Learn how APAC service providers are using Routing Active Testing to drive customer experience. We explore customers' motivations, Juniper’s solution approach and key use cases.
Introduction
Juniper Routing Active Testing (formerly known as Paragon Active Assurance) provides programmable, active testing and monitoring for physical, hybrid, and virtual networks. Unlike passive monitors, it uses active, synthetic traffic to verify performance throughout the lifecycle of each application and service. When deployed in internet service provider (ISP) network, active testing can reduce risk and drive customer satisfaction by monitoring network quality and assurance service-level agreement (SLA). The solution is proven and widely deployed in large service provider networks. This TechPost provides insight into a few customer deployments and use cases in APAC.
The Challenges
All service providers are committed to enhancing customer satisfaction, but the question is “how”. Customer satisfaction is judged by service quality. And if we can get different metrics to monitor the services, then we can provide insight into customer satisfaction.
Service providers might explore different open-source tools to achieve this goal. Although open source software might offer flexible customization in lower cost, there are a lot of drawbacks and risk.

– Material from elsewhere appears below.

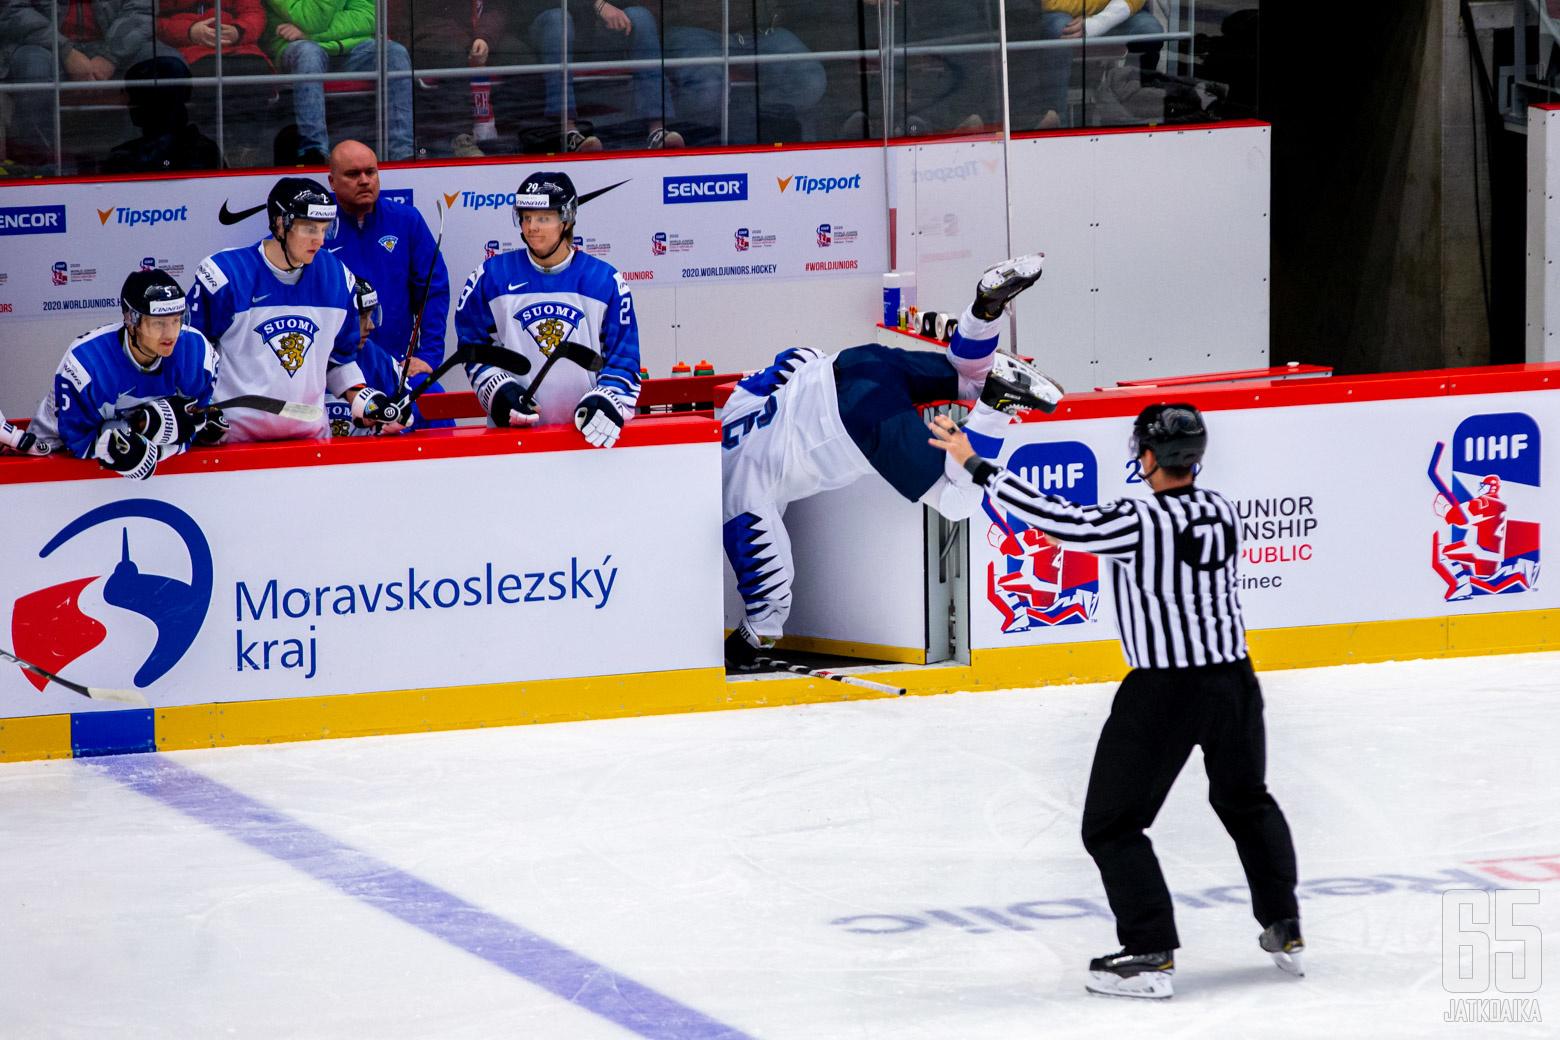 Suomi - Kazakstan, Nuorten MM-kisat 29.12.2019, Werk Areena, Trinec. (Kuva: Jari Mäki-Kuutti)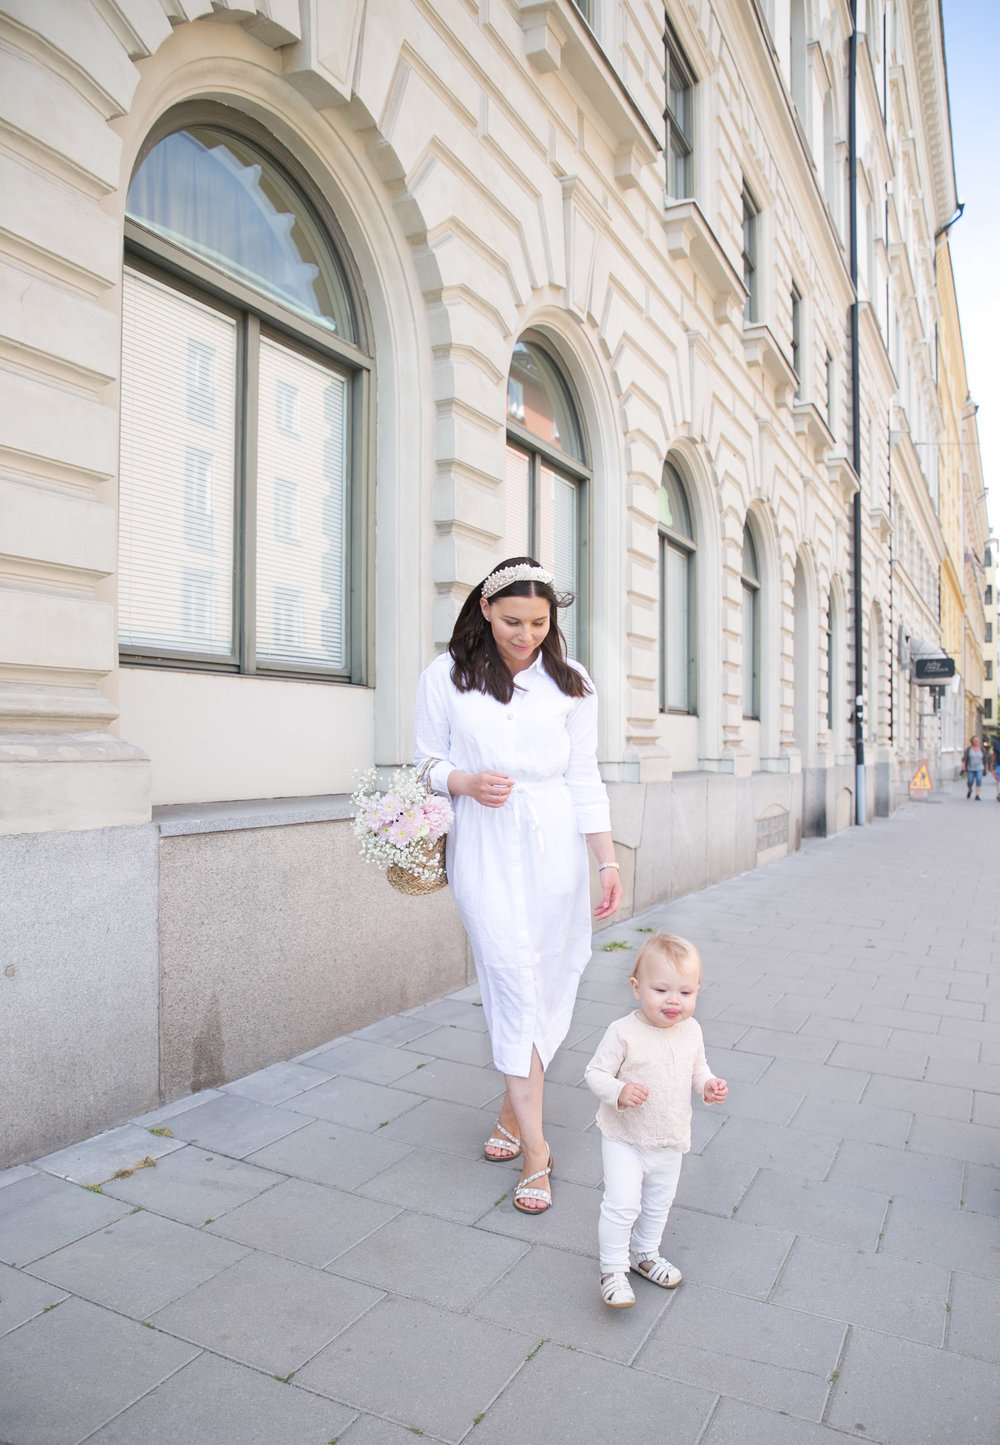 Angelica Aurell mode stil skjortklanning.jpg

The obvious ones are security risk and lack of accountability.
- The open source code is publicly available, which can be good for peer review but also gives attackers insight into potential vulnerabilities.
- No single party is responsible for fixing bugs or vulnerabilities promptly.
Besides, when the test procedures are complex, e.g. in service activation test, multiple network layer and application layer measurements need to be executed in series: operator needs to maintain multiple software and each software runs different application programming interfaces (APIs) making automation more complex to implement. This creates operational overhead.
To address the above challenges, Juniper proposes the Routing Active Testing solution. This is a fully automated, high-performance, and flexible solution. Service providers can easily deploy a lightweight test agent in any part of the network to perform active measurement and obtain insight into service quality. Let's double-click on the deployments and use cases.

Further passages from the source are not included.